Thursday, September 12, 2019

What is the connection between existence and reality?


What is the connection between existence and reality?

Today we accept that objects that exist do not have some property called “existence” that gives them some privilege of those “things” that do not exist. This brings us immediately to the question: how can we know anything about something that does not exist? I don’t mean no longer exists but that has never and will never exist.

Up to an extent, we can even know about things that have not happened yet. For example the expansion of our sun that will swallow the Earth and more. We can even make reasonable predictions about the past. For example, when the ice melted at the end of the ice age many coastal areas were flooded under water. So, just because today we do not have access to things that existed or will exist, we can still be satisfied that they exist.

Whilst these things might be interesting, we are more likely to be concerned and involved with a different class of “things” that cannot be found in three dimensional space. I am thinking of our ideas, our mental creations, our beliefs, our plans, our hates, our likes, our imaginary friends and so on. Do they exist? Someone like me would argue that sure these non-things in our head still exist in three dimensional space: they just have the form for brain cells, synapses, electrical and chemical events, and so on.

Without any doubt it is this observation of non-thing objects in our brain that cause all the concern about existence. By definition, a unicorn cannot fit in my brain, even a small one, this will never happen. But, however, we are convinced that unicorns exist because we easily give a full and coherent definition of a unicorn using our language without any problems. Our language can cope with us describing a thing that doesn’t exist in the three dimensional world.

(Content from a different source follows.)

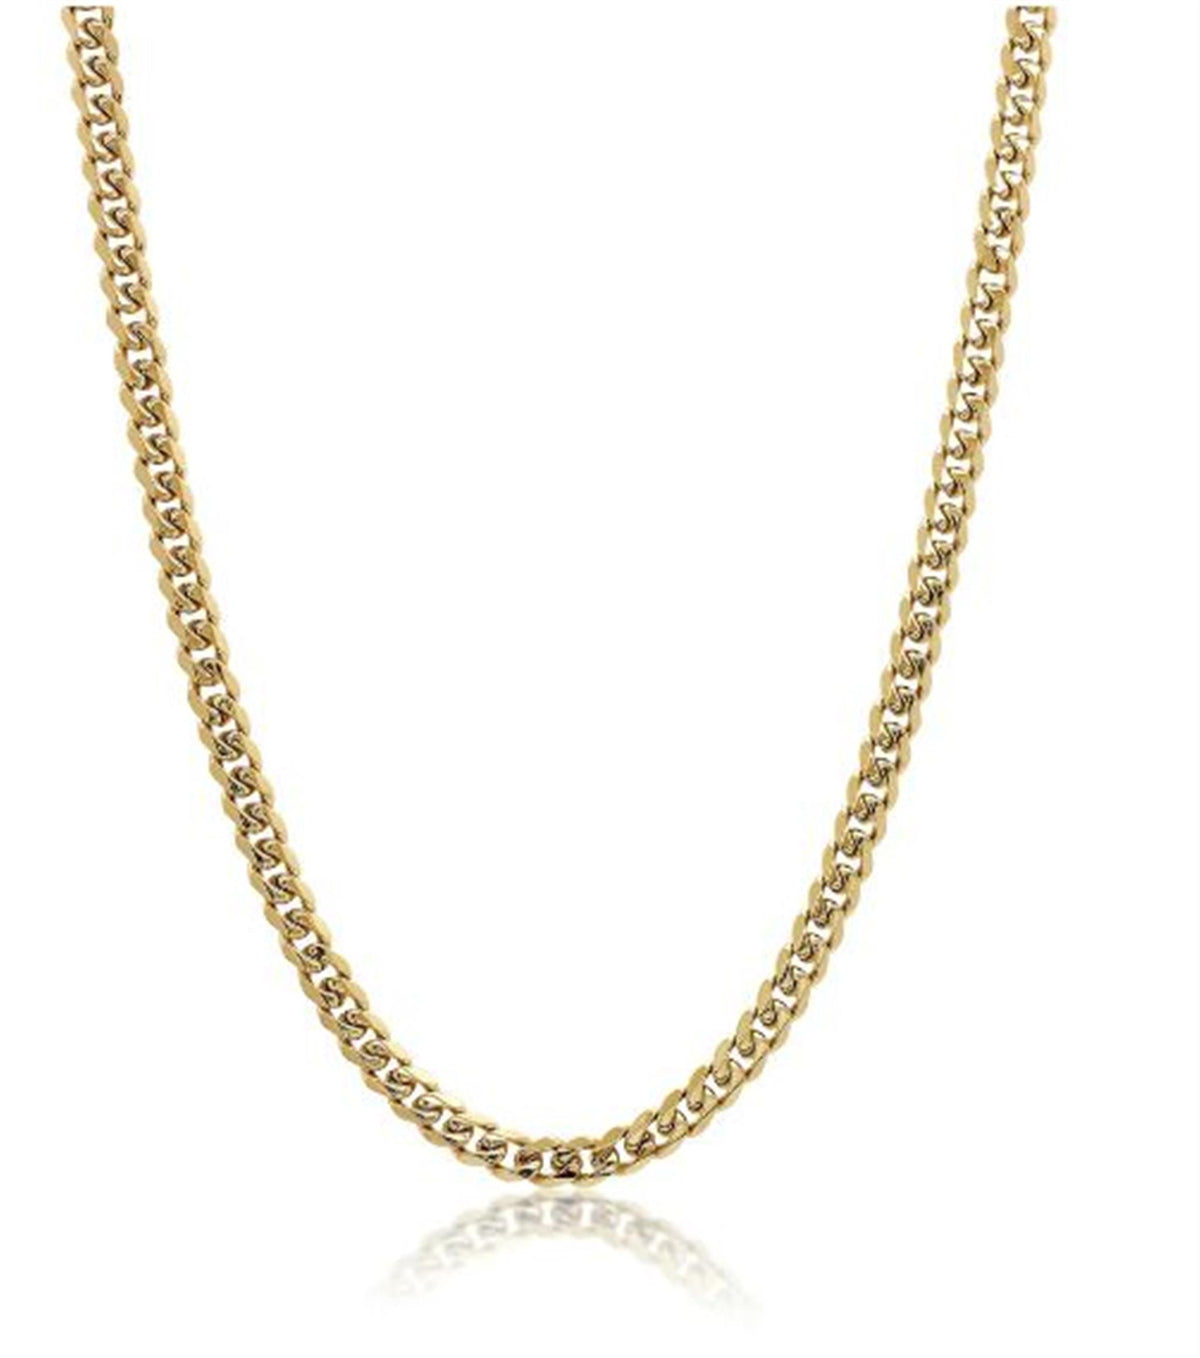 Italgem Stainless Steel and Gold Overlay Chain

Our everyday use of the word “exist” must therefore refer to things that may also include properties that in and of themselves are not physical. The computer I am writing this essay on is physical and it does exist, but the unicorn I have in my mind only exists, as far as it exists, as an idea in my brain that manifests its self in cells, electricity, chemicals and much more.

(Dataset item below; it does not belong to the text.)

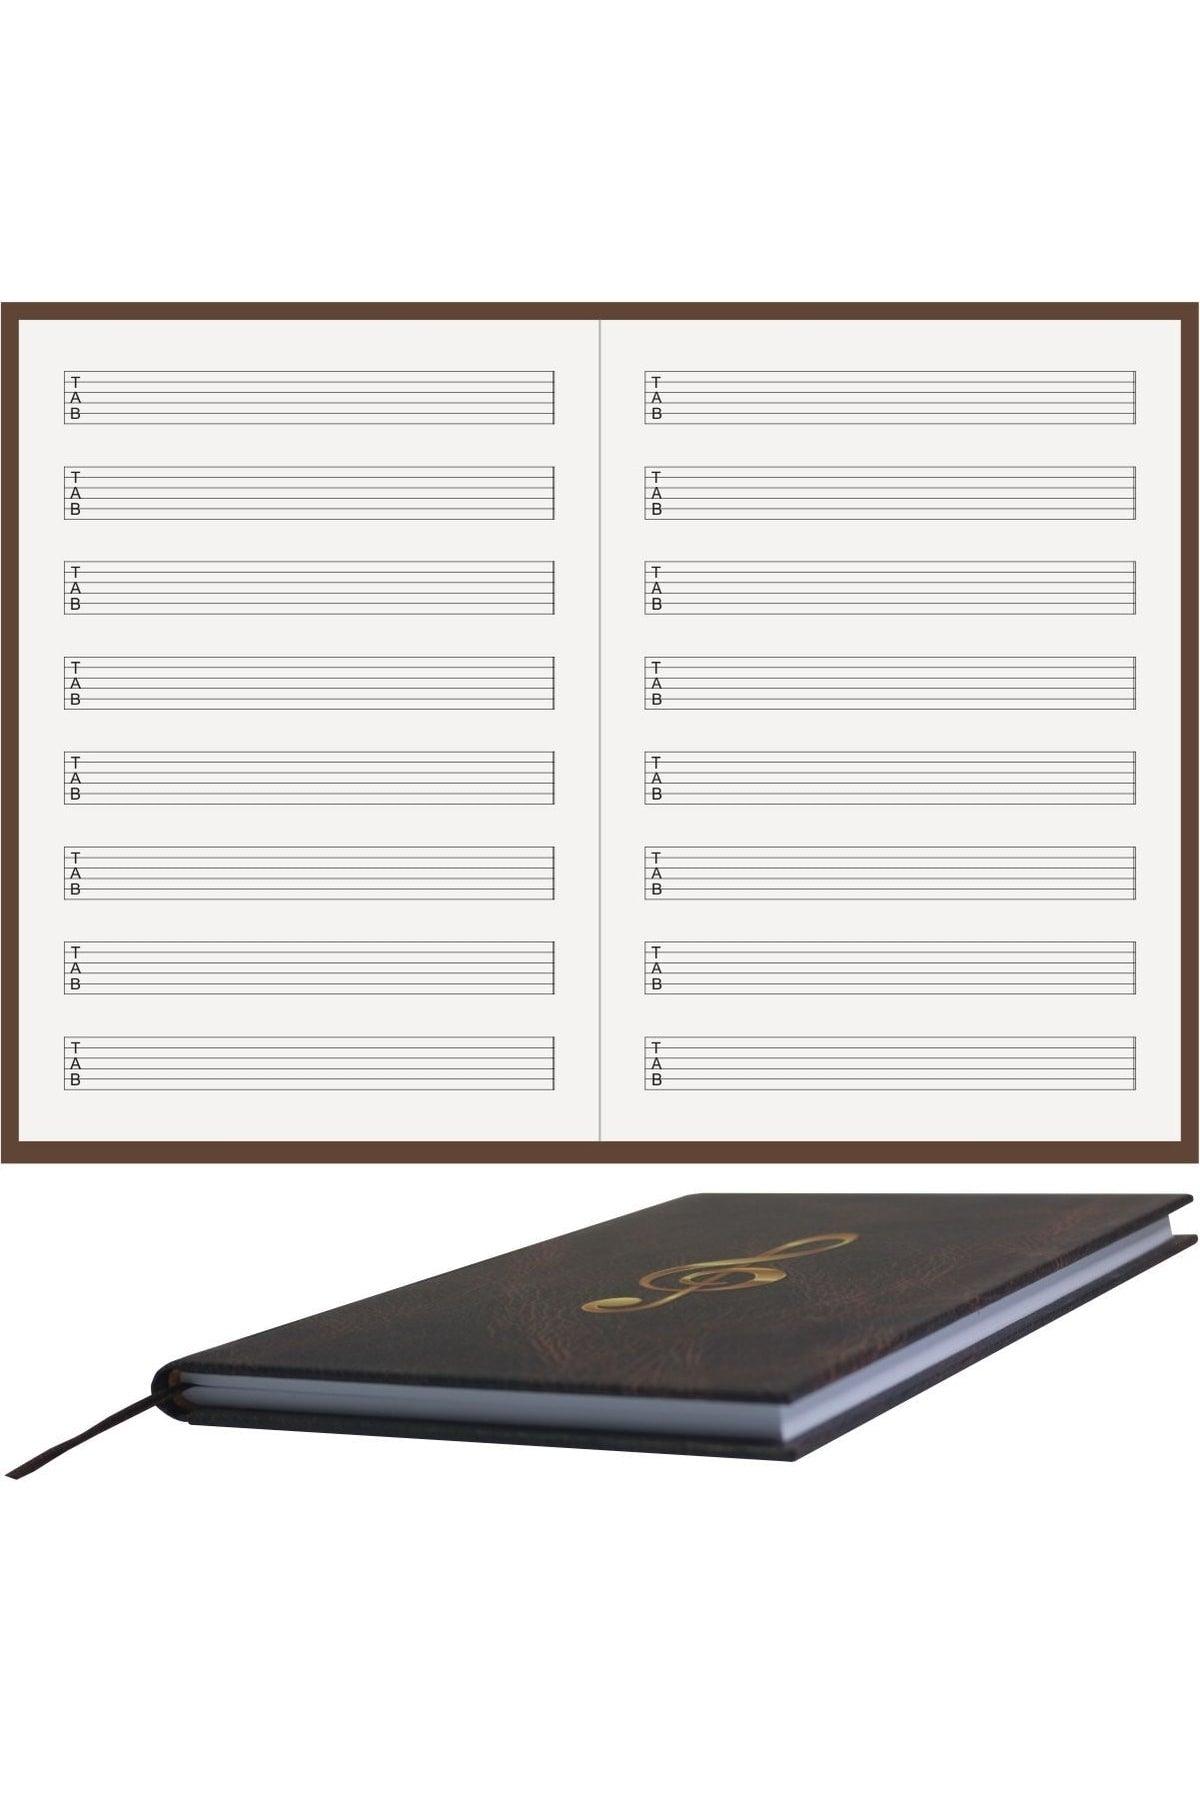 Guitar Notebook (Double Cutout with Tab Key

As far as we are concerned, I mean physical human beings, we live in a physical world and all information that we need to access this information must also be in a physical form. Hence the cells in my brain, the chemicals and electricity in my brain that make up my idea of a unicorn.

The electricity in my brain et al is the carrier of the information that helps me communicate (pass on information) my idea of unicorn to myself and more importantly to others. What is even more important is that what matters for us as social beings, is not the electricity et al but the idea of the unicorn. People who understand English and know the concept of unicorn can ask me such interesting question as what do you feed it? How high is it?

At best what exists, or existences of things, is what we can know, and if we can articulate that knowledge into some form of language we can interact with other people more intelligently. Sometimes we cannot articulate what we can know in a natural language so we developed artificial languages such as logic, mathematics, music and so on.

So far so good: I will also venture to argue that what exists is what we can know about and preferably we can even articulate it into a form of language which others understand, hopefully most will understand. Thus if I said I feed my unicorn green grass you’ll probably be happy with that. Now image how you would feel if I said I feed my unicorn a load of bull shit!

We are happy to talk about existence, to talk about things that exist and we are even better with non-things existing in our brain. The issue is that we tended and, maybe still do, to assume that if certain things exist in the real world than everything has the propensity of existing out there in the world. And from there treating our non-thing objects in our brain as if they were objects in the world or universe: this fallacy may also be called “history by Hollywood”. It will take some effort to keep track of what we know about the world and what was created in our brain or someone else’s brain.  Mind you existence is a state of our brain and nothing to do with the state of the world out there.

This issues led to the problem of reality: what is real? What are we saying when we say that xyz is real, or reality is xyz?  How do we distinguish between the unicorn in my head and a horse in the meadows? If existence is about us, then surely reality is about how the world out there. Reality is the world of science and life itself. My unicorn will never die or gets sick, but my pet cat, when I had one, did get sick and did die from cat flu. We can say that reality is what we can confirm by objective means with verifiable methods that are sound.

One implication of this mix up with language, exist vs real,  is that language itself might lead us into a false sense of reality by believing that what can be described can also exist and thus is real. Just because some things that can exists and be verified as real, it does not follow that all things that exist and described can also be objectively real.

This is then compounded by unscrupulous people who use their position of influence in society. The argument from authority is a fallacy that relies on the person arguing for something existing and is real not from evidence or methodology, but merely because they hold a position of authority. This abuse of concepts has lead to religious wars, racial conflict, and world wars. Politicians use the terms existence and reality to formulate policies that abuse human rights and rob the wealth of the nation. Patriotism is a very powerful argument from authority not to mention brimstones from hell.

What is clear is that language can be a powerful instrument in communicating information with others, but it is also a dangerous instrument that can easily be used to influence people to harm themselves and others. In short, linguistic concepts have consequences in the world out there and the terms existence and reality are language concepts first.